The graph below plots the multivariate ENSO index. The positive red peaks are (warm) “el Nino” years and the negative blue peaks are (cold) “la Nina” years. Again, 1998 and 2015 are circled:
Graph of ENSO index against year
Downloaded from http://www.esrl.noaa.gov/psd/enso/mei/ 27 June 2016. Emphasis added
If (and only if) previous patterns are repeated, we are now headed into the “La Nina” part of the cycle. If this occurs we would be likely to see a reduction in global average temperatures, although the correlation with temperature appears to be different in different locations.
Whammy 3 – Power supply
There seems to be a strong possibility of a shortfall in UK energy supply in the coming years, and this reflects a pattern over much of Europe. A report from the UK Institute of Mechanical Engineers noted that it is UK government policy to close all remaining coal-fired generating capacity by 2025. They conclude that “…The loss of coal by 2025, along with growth in demand and the closure of the majority of our nuclear power stations will therefore be significant, leaving a potential supply gap of 40%–55%, depending on wind levels….” And “…we have neither the time, resources, nor the sufficient [Sic] number of skilled people to build enough CCGTs [Combined Cycle Gas Turbines] to plug this gap…”

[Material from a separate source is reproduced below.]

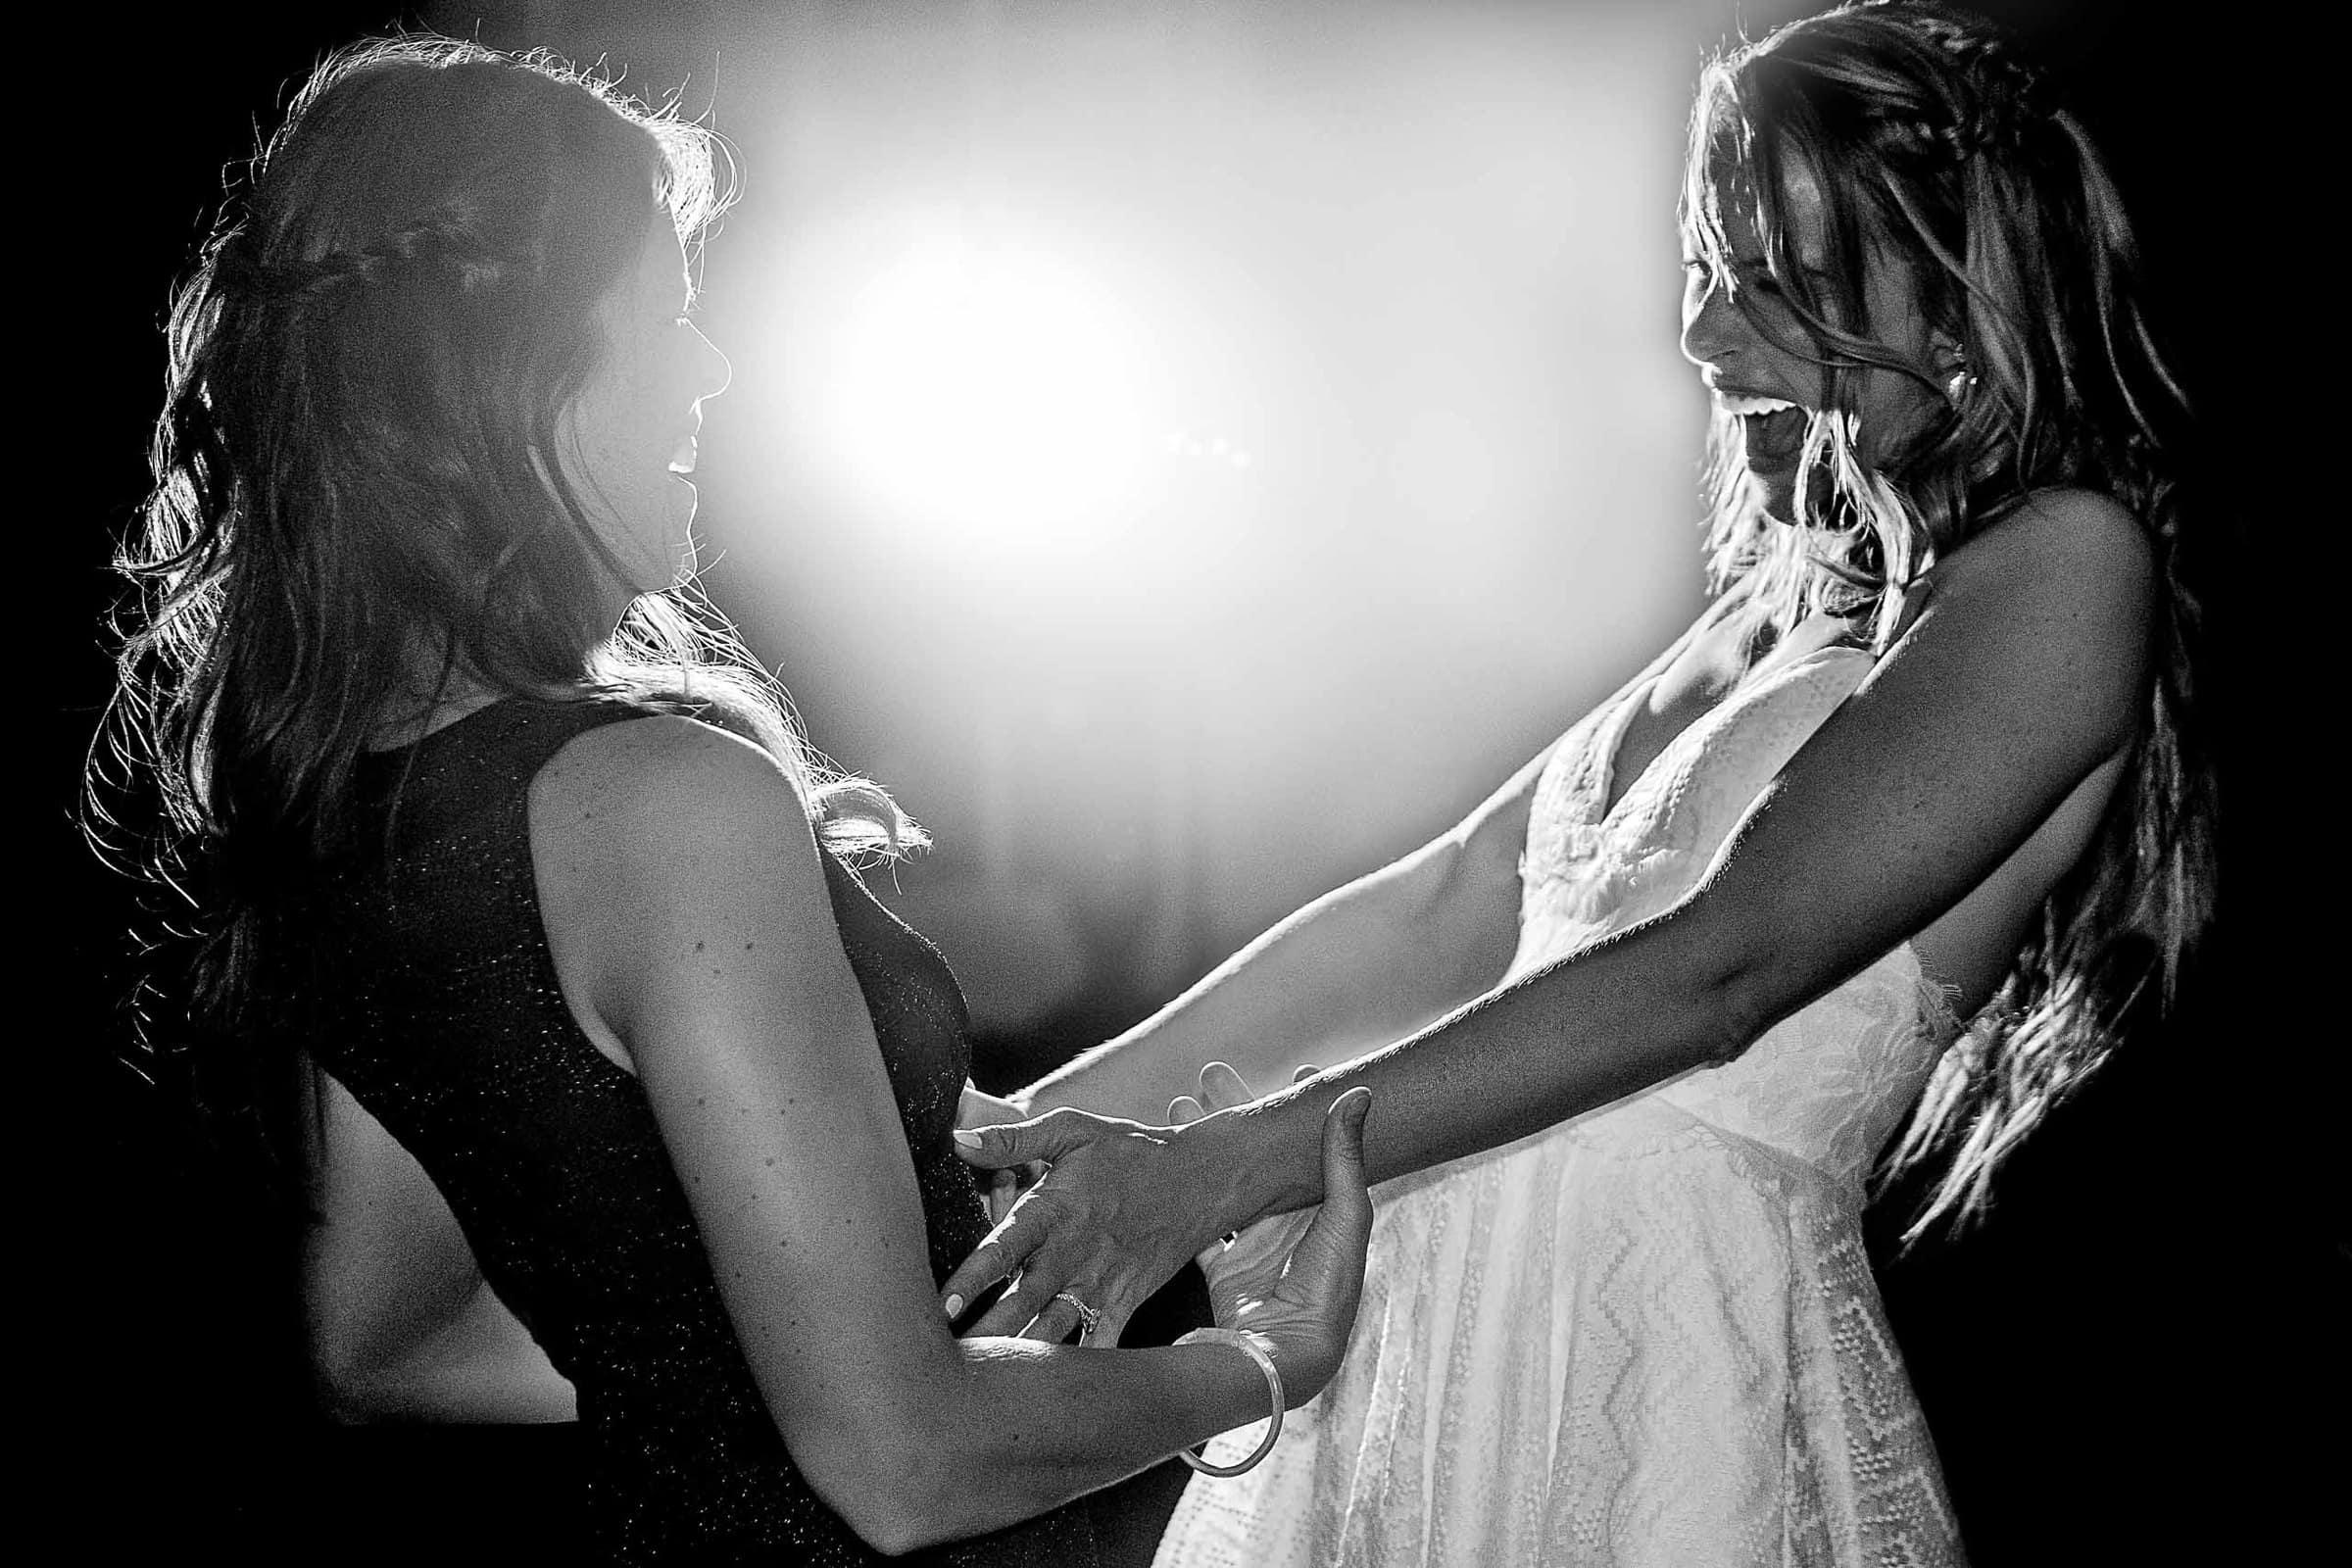 Two happy brides ecstatic dancing during their Calamigos Ranch Wedding in Malibu, California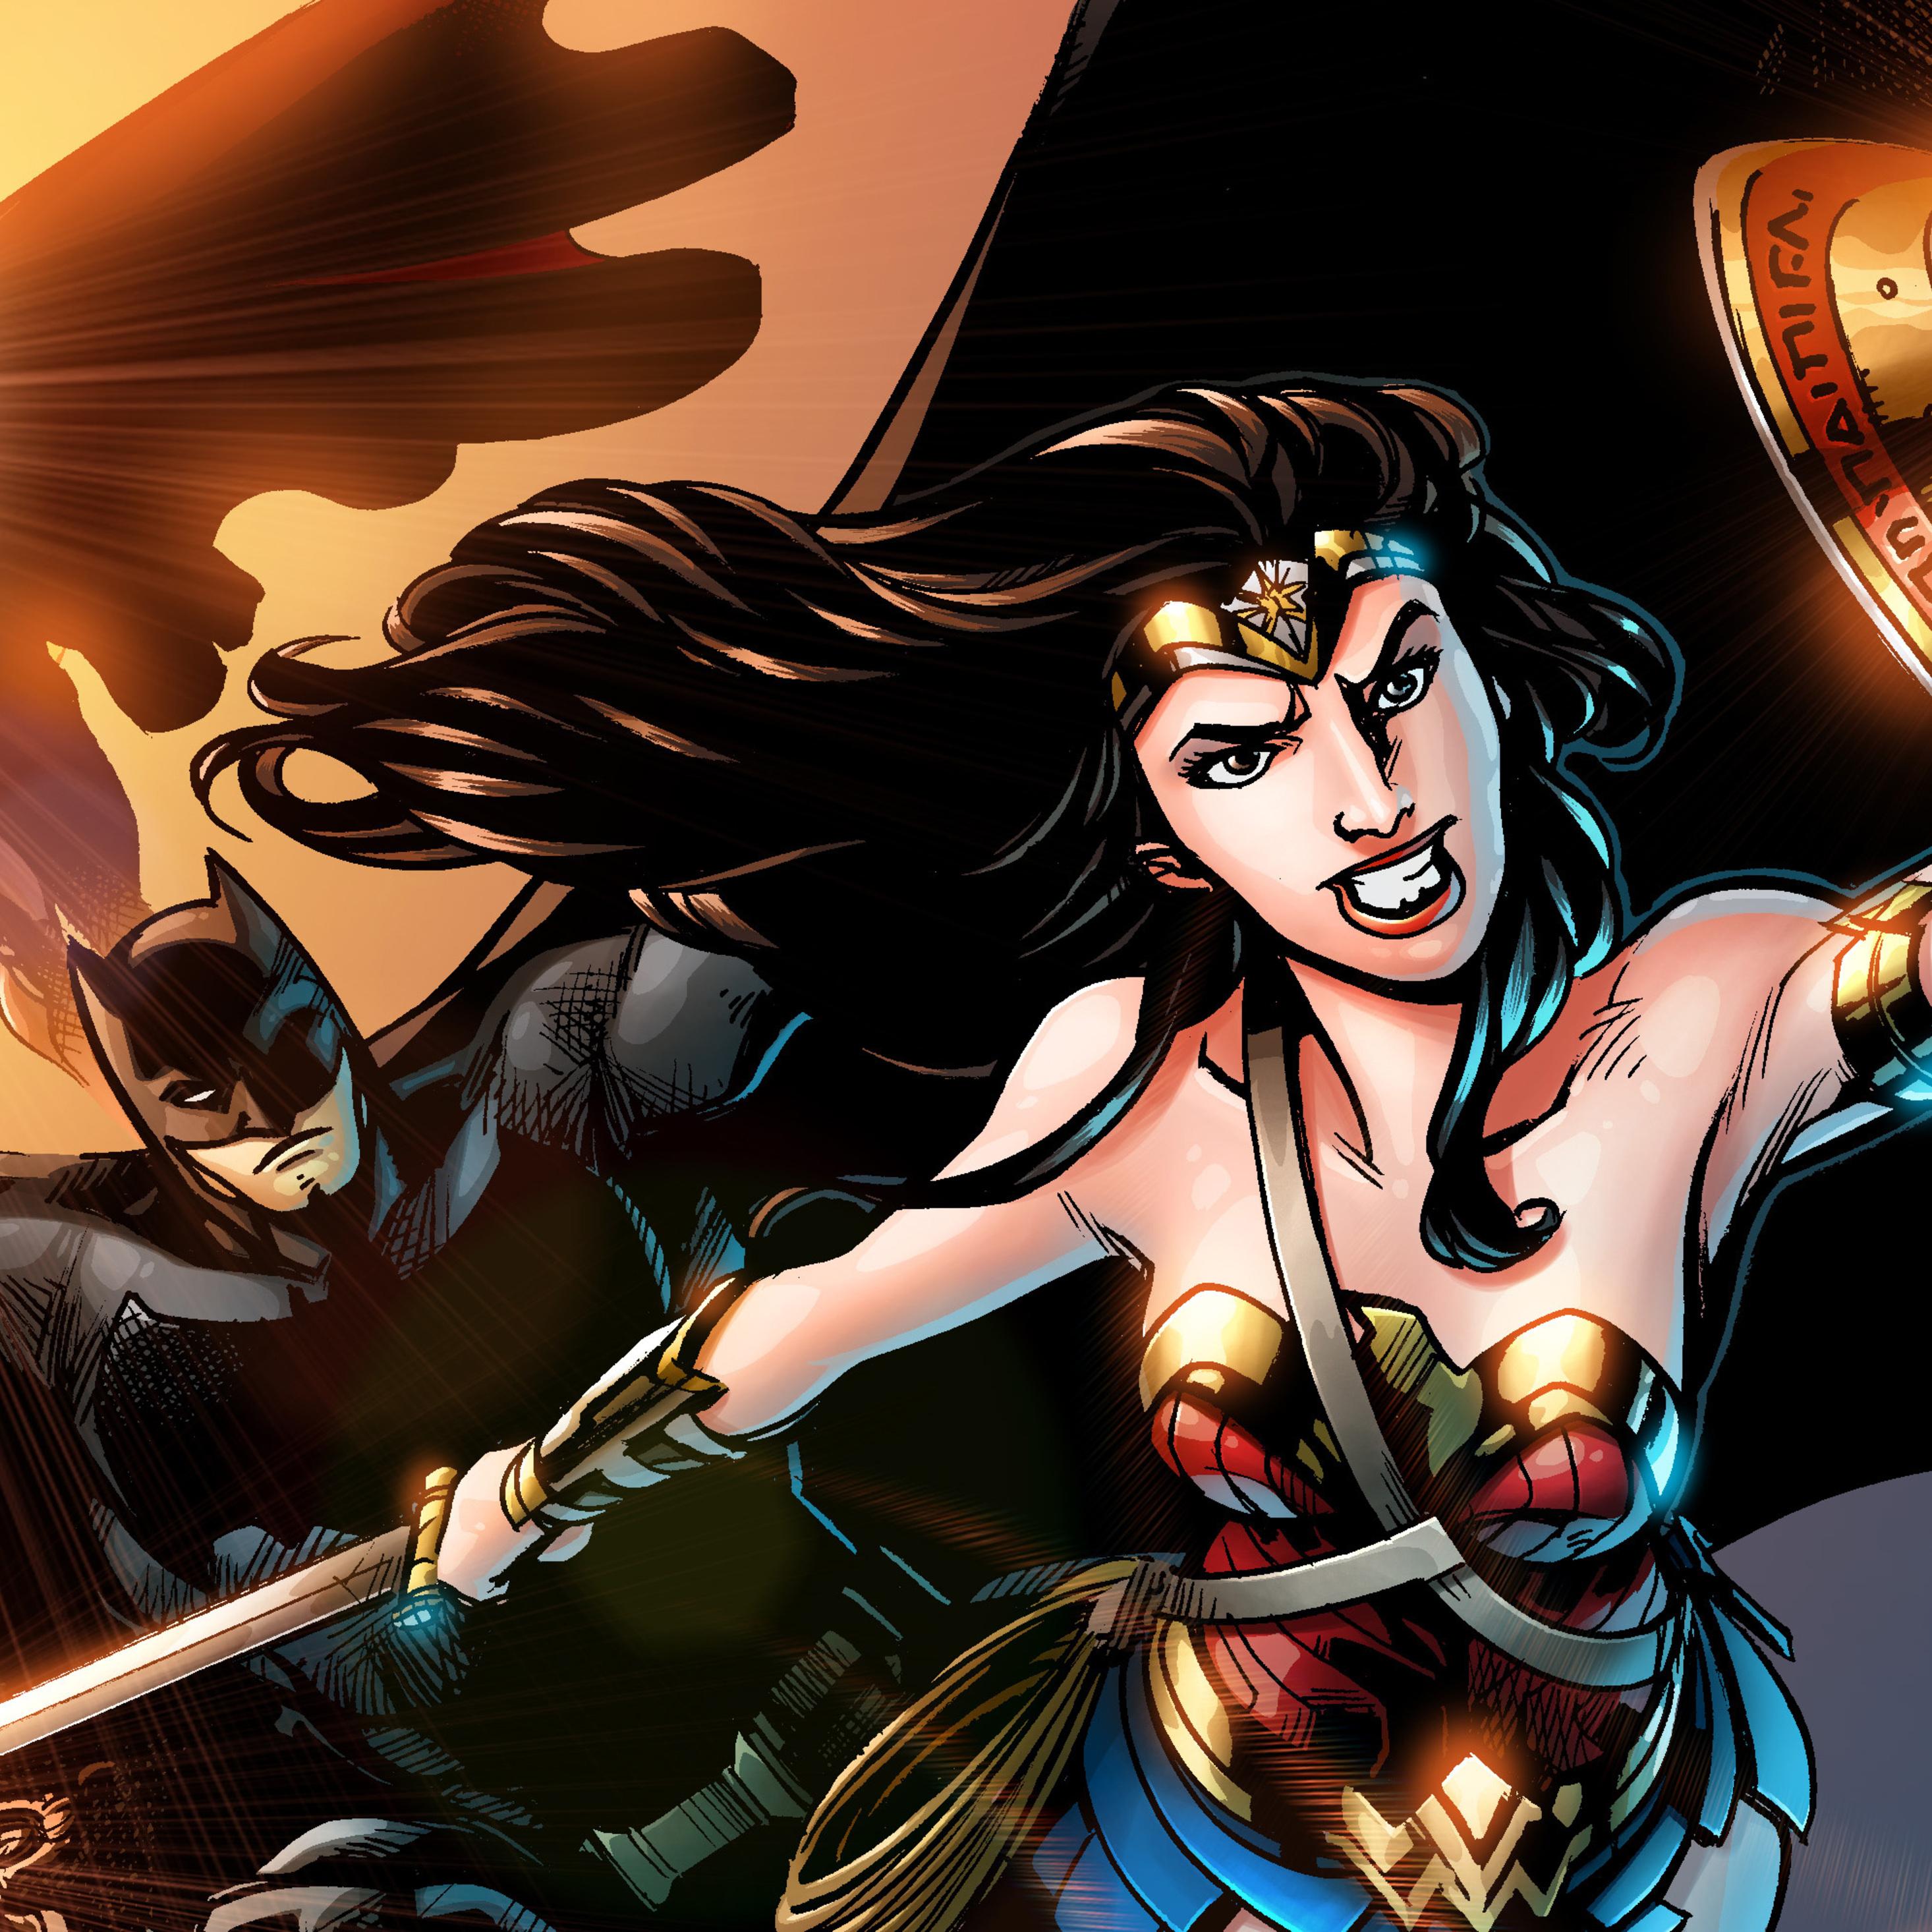 justice-league-wonder-woman-superman-batman-9j.jpg

If this analysis is correct (and they discuss various scenarios) the UK may have a growing power problem, and other western countries may have similar problems in the rush to scrap coal-fired and nuclear power stations.
Relatively sudden temperature changes do occasionally occur. The most extreme in the time scale of human agriculture was the Younger Dryas about 12,000 years ago. In Greenland at that time the temperature is believed to have dropped 10oC in 10 years although the change in global average may have been less. 10oC is the same order as the difference between the mean temperature for January and the mean temperature for May in London.
We would be extremely unfortunate to be hit by a Younger Dryas magnitude event; but two of the main factors correlating to earlier climate changes appear to be heading for a strong downturn at the same time. If we are hit by a combination of a very strong La Nina at the same time as a repeat of something like the Dalton minimum we could be in for some cold winters.
The uncertainty of the power supply, caused in part by green opposition to coal and nuclear, could make it a triple whammy. Rolling blackouts are a possibility, particularly on cold, still, evenings. To some pensioners, alone in the dark on a freezing night with heating inoperative, it would mean a lonely death. Folk with the honourable intention of “saving the planet” may instead be killing their grannies.